With this final order, Szarekh severed the command protocols that allowed him to control his subjects directly and went into a self-imposed exile in the intergalactic void as his penance. However, in the late 41st Millennium, the Necrons began their Great Awakening and Szarekh returned to the galaxy after discovering the approaching Tyranid Hive Fleets during his sojourn in the intergalactic void. The Silent King recognised them as a major threat to his people's chances of reconquering the galaxy and regaining their organic forms. It was Szarekh’s dream that the Necrons might find an organic species whose bodies would prove to be suitable vessels for Necron minds, thus finally ending the curse of biotransference. However, if the Tyranids were allowed to consume all life in the Milky Way Galaxy, there would be no species left to serve as Necron vessels, and so the Silent King now travels across the galaxy, seeking to awaken and unite his people against this terrible extragalactic foe. 


And Ive also heard this tidbit. Appearently space marine bodies can serve as excellent vessels for Necron souls. But Ive no source for this one. But considering how daemons love them, it comes as little suprise that others also wants to hollow them out and inhabit the shells.


----------



## kwak76

Brother Lucian,

OK that make sense . Which leads to the question would the necrons afterward take on chaos ? I mean deamons as you mentioned would also compete to possess the flesh.


----------



## Brother Lucian

kwak76 said:


> Brother Lucian,
> 
> OK that make sense . Which leads to the question would the necrons afterward take on chaos ? I mean deamons as you mentioned would also compete to possess the flesh.


The necrons are masters of anti warp technology. So theyd easilly be able to shield themselves against chaos. Just look at the cadian pylons.


----------



## Serpion5

Okay, this story really does open up more than a few possibilities about the future of the 40k universe. The very fact that Szarekh has specifically targeted the tyranids confirms a few things. 

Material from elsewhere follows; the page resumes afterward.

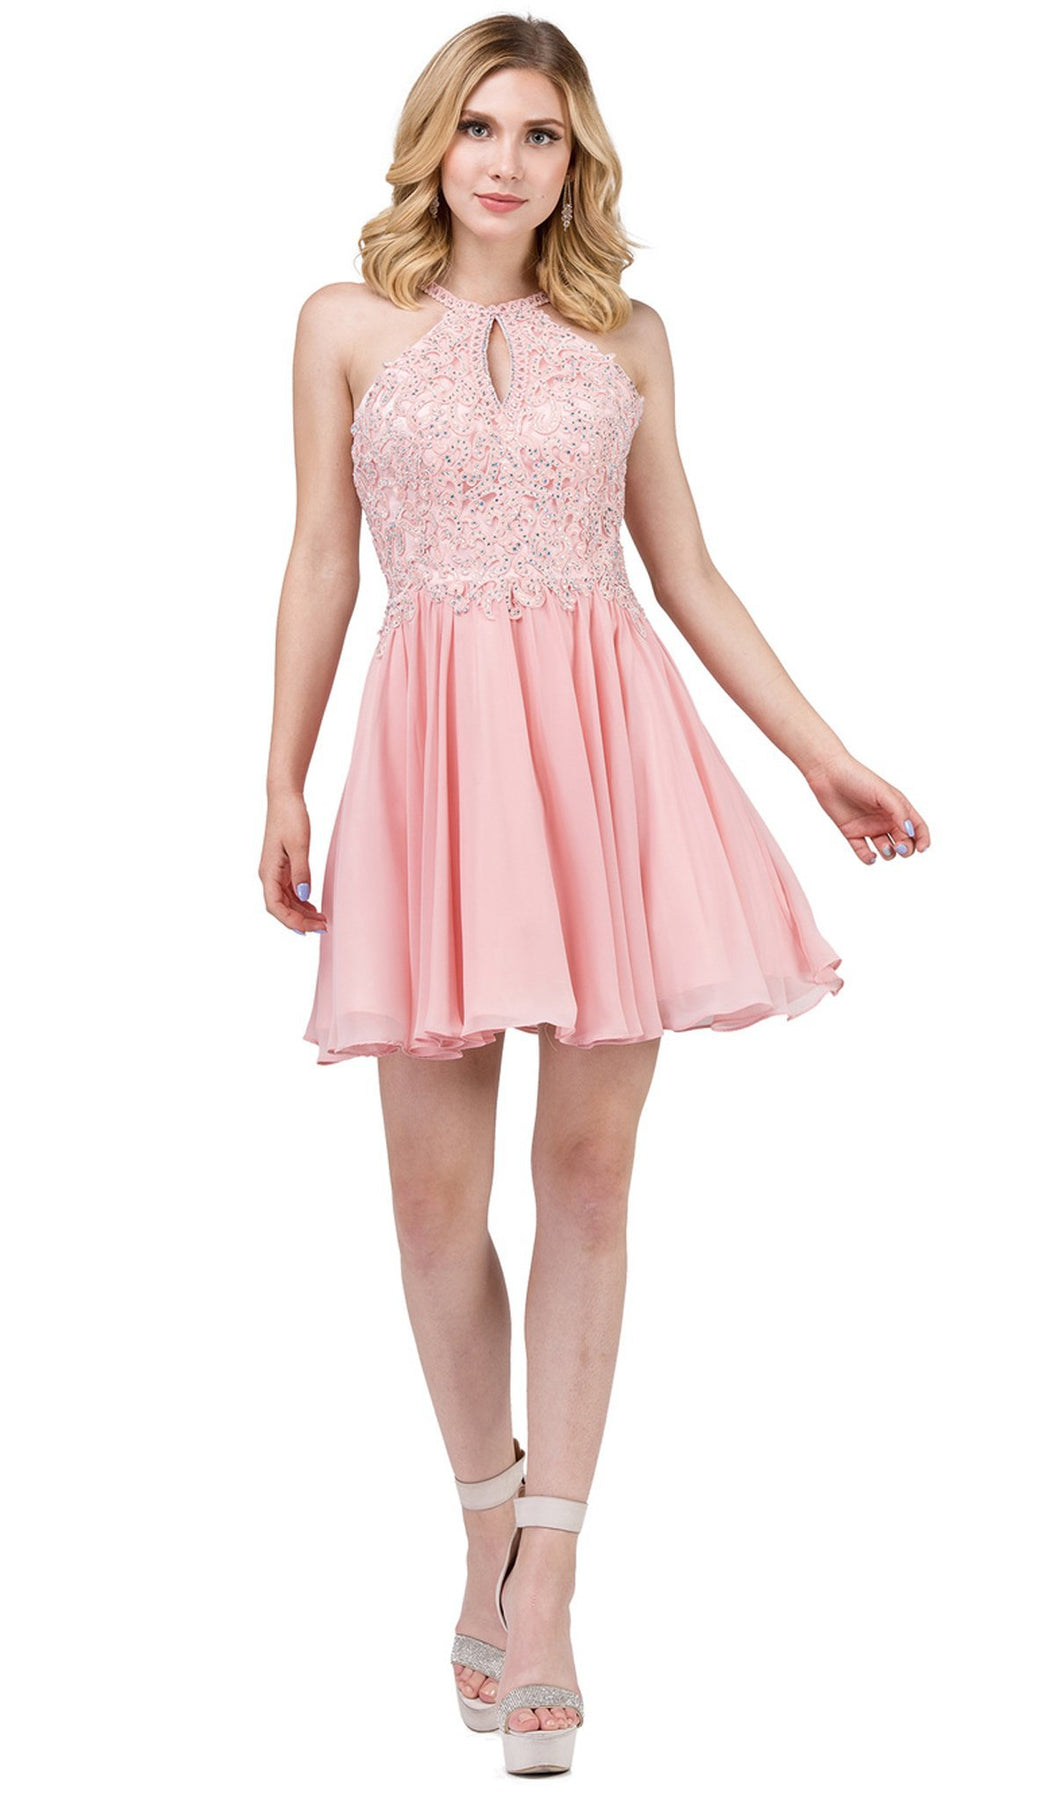 Dancing Queen - 3043 Beaded Lace Halter Homecoming Dress in Pink

The tyranids are indeed the greatest threat to the galaxy. 

It seems likely now rather than just plausible, that the astronomicon is indeed what drew the tyranids to this galaxy. Mostly because:

The alliance of the past referred to seems to suggest that Szarekh was willing to aid Sanguinius at some point, but whether this came to pass or not isn't expanded upon. Perhaps the Imperium could have triumphed and the Emperor's goal succeeded if they had been willing to accept necron help? 


Tying in with the novel _Devourer_, it seems now more than never that the necrons will finally be turned to a large scale counter offensive against the tyranid hive fleets. With the influence of the Silent King and the many tombworlds that Anrakyr the Traveler has indentured, the tyranids could be set to encounter their greatest losses since their first venture into this galaxy. 

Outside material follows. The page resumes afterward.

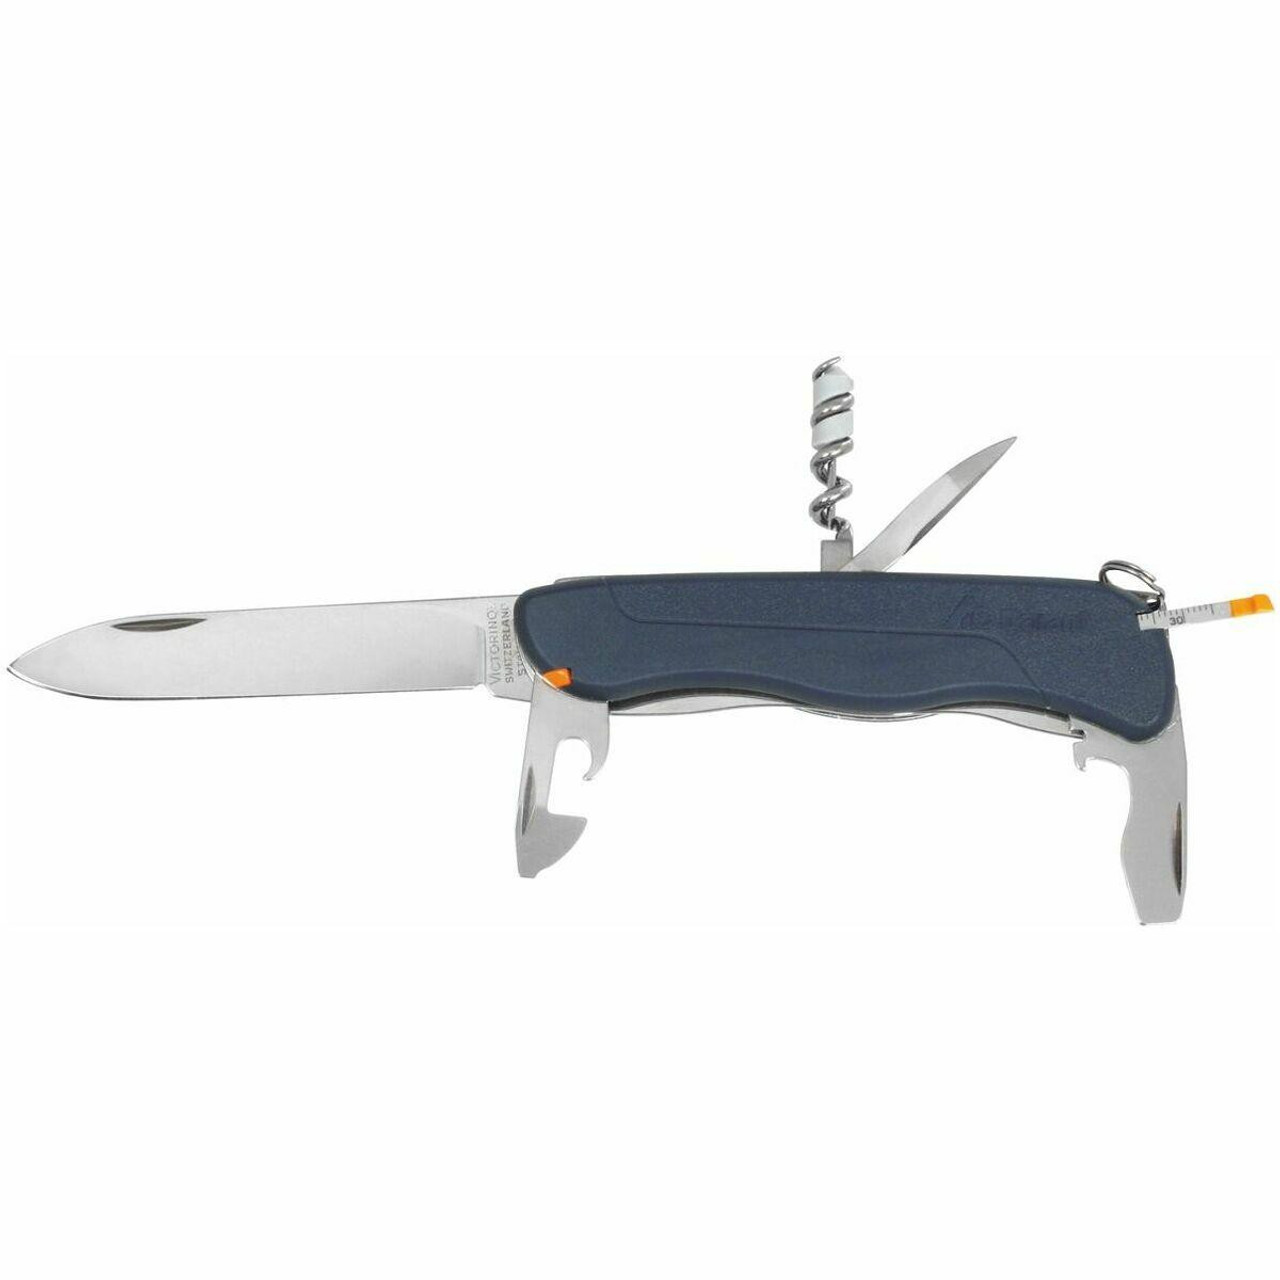 Garant Pocket Knife/ Multi-Tool

Anrakyr looks set to be ding some pretty awesome things in my opinion. _Devourer_ has set him up for what appears to be a rather important role. 

But, as Khatlan said, he will need allies.


----------



## Brother Lucian

Speculation: If you recall, Sanguinius is currently marooned on Maccragge. The whole Imperium Secundus starting because the Astronomican went offline.

When the Astronomican goes online again, it might be exactly there Szarekh makes his move, pleading to Sanguinius to ensure it will go offline again as its drawing an ancient threat to the Galaxy. But he is most likely not believed, or Sanguinius deems the upcomming Battle for Terra to be of a far higher priority than letting Horus win and save the unborn future of the Galaxy.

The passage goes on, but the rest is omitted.